7. RPG: Amber Diceless Roleplaying by Erick Wujcik - the author talks about how he hates riddles, and so if he thinks there's going to be riddles in a campaign, he makes his character an expert riddler. That way he can justify solving them only in-character, not out-of-character. I've always thought that was brilliant, even if it is rather metagamey.
Game and Story Use
- Riddles are fun, and a classic part of the genre. Remember Bilbo and Gollum? Remember all those old D&D modules with the weird riddle-and-trap-laden dungeons?
- Some players just hate riddles (and/or puzzles, or brain-teasers, or at least ones that don't have immediate practical applications and real-world solutions). If you have such a player in your game, you may need to consider either not including riddles in your campaign, or allowing that person to just make an intelligence check to solve the riddle in-character without doing the work out-of-character. Don't set yourself up for frustration by building an elaborate puzzle that the players aren't willing to (or capable of) solving. It won't make anyone happy.
- Can get very meta if the player best at solving riddles happens to be playing a fighter with the IQ of tofu. Likewise when the superhumanly intelligent wizard is baffled by a simple number puzzle that logically he should be able to solve in his head. This sort of thing flies immediately counter to all attempts at role-playing and separating player and character knowledge and personality.
- Also quite annoying for the GM when the riddles are based in the lore of the campaign setting and the murderhobo players couldn't be bothered to read the lore or have their characters take any skills that would allow them to dice for it.
- Of course there are limits, by all means expect your players to show reasonable respect for the effort you put into the setting, but don't expect them to become experts on it, nor to read your 4000 page Silmarillion knock off (especially if have a reputation for ERP) in order to play the game. Allow a decent level of default knowledge on the part of characters as well - even if your players are clowns who know little to none of the history, myth and legend of their own culture, their characters are less likely to be.
- Stuck trying to get your players to solve a riddle or puzzle? Give them a hint… but be sparing.. for example, one or two letters at a time. Small changes in the puzzle can weaken it enough to make it obvious. Something I noticed from solving cryptograms is that the first couple of letters in a hundred letter messages take about half my time…and most of the puzzle crumbles within a minute of figuring out seven or eight of the letters involves.

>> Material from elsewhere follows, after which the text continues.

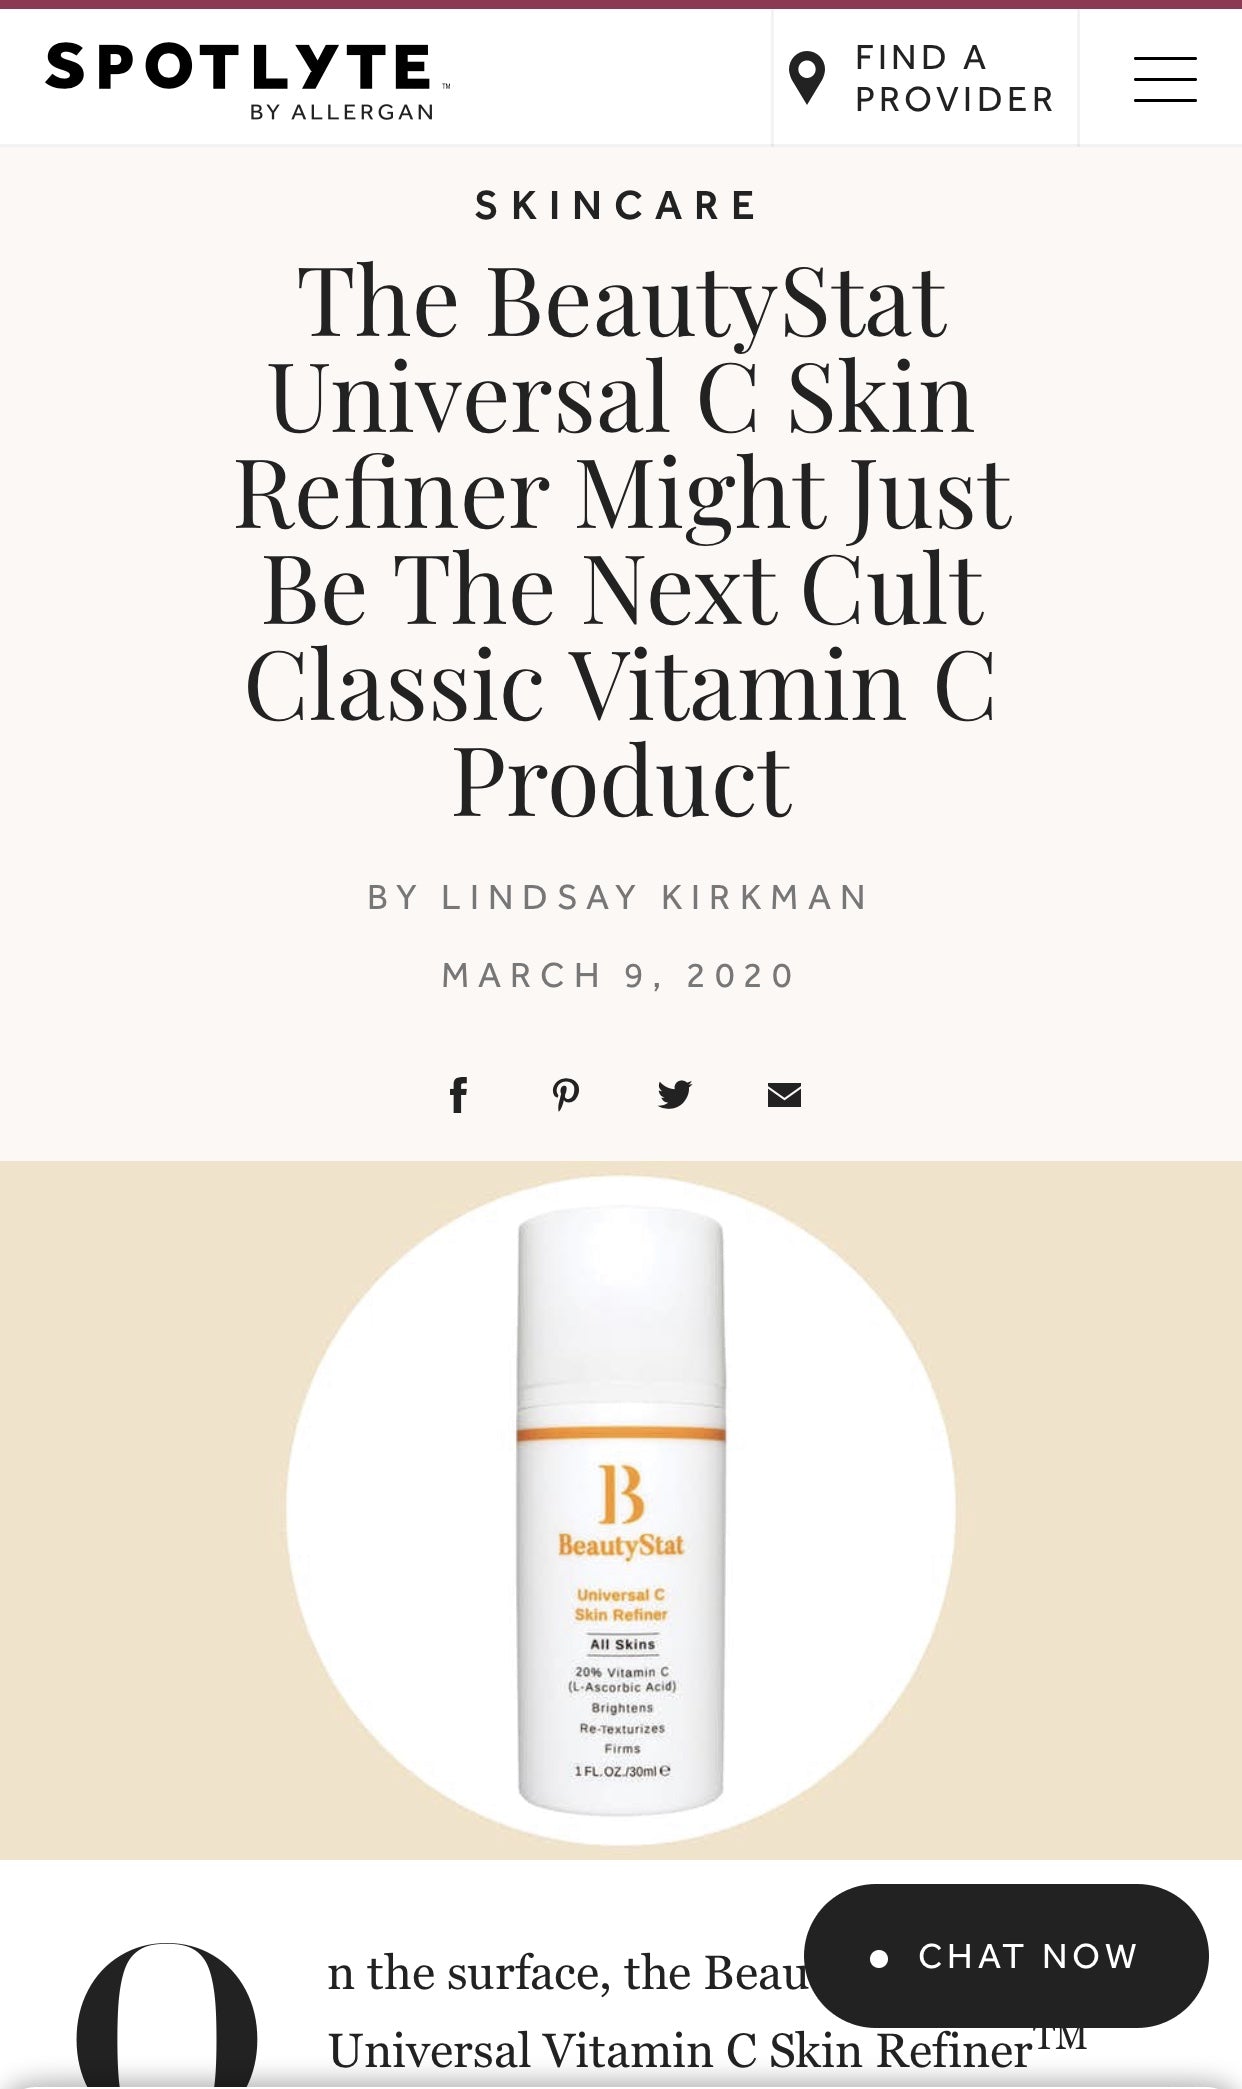 In Spotlyte: Universal C Skin Refiner Might Be The Next Cult Classic Vitamin C Serum best review

- But never underestimate the power of your players to miss the bloody obvious. Or your own ability to forget that the fact something is glaringly apparent to you, doesn't mean that it's so to the players. Especially if they are from a different culture group to you (and recall that as little as decade can be a culture group shift in the modern world).
- A random consideration: remember that (historically at least) anything to do with clocks will be anachronistic before the start of the C14, and even then rare until much later with the idea of "clockwise" taking a few hundred more years to develop. Before that, your best hope of something similar is a sundial around which the sun drives the shadow of the gnomon in a direction which clocks would later be built to emulate. This direction was known as "sunwise" (or deoisel) in Celtic cultres, opposed to widdershins or tuathal. Sunwise was considered to be "properly aligned" and propitious, whereas to go against it was very much not so. Also - and the etymological roots of this are still visible in many languages - before the compass was widespread, the easiest cardinal axis to fix was East-West, given that sunrise is always to the East and sunset to the West. From there it is only a short leap to identify the South with midday (or the North in in the Southern Hemisphere) and then the final cardinal point with midnight.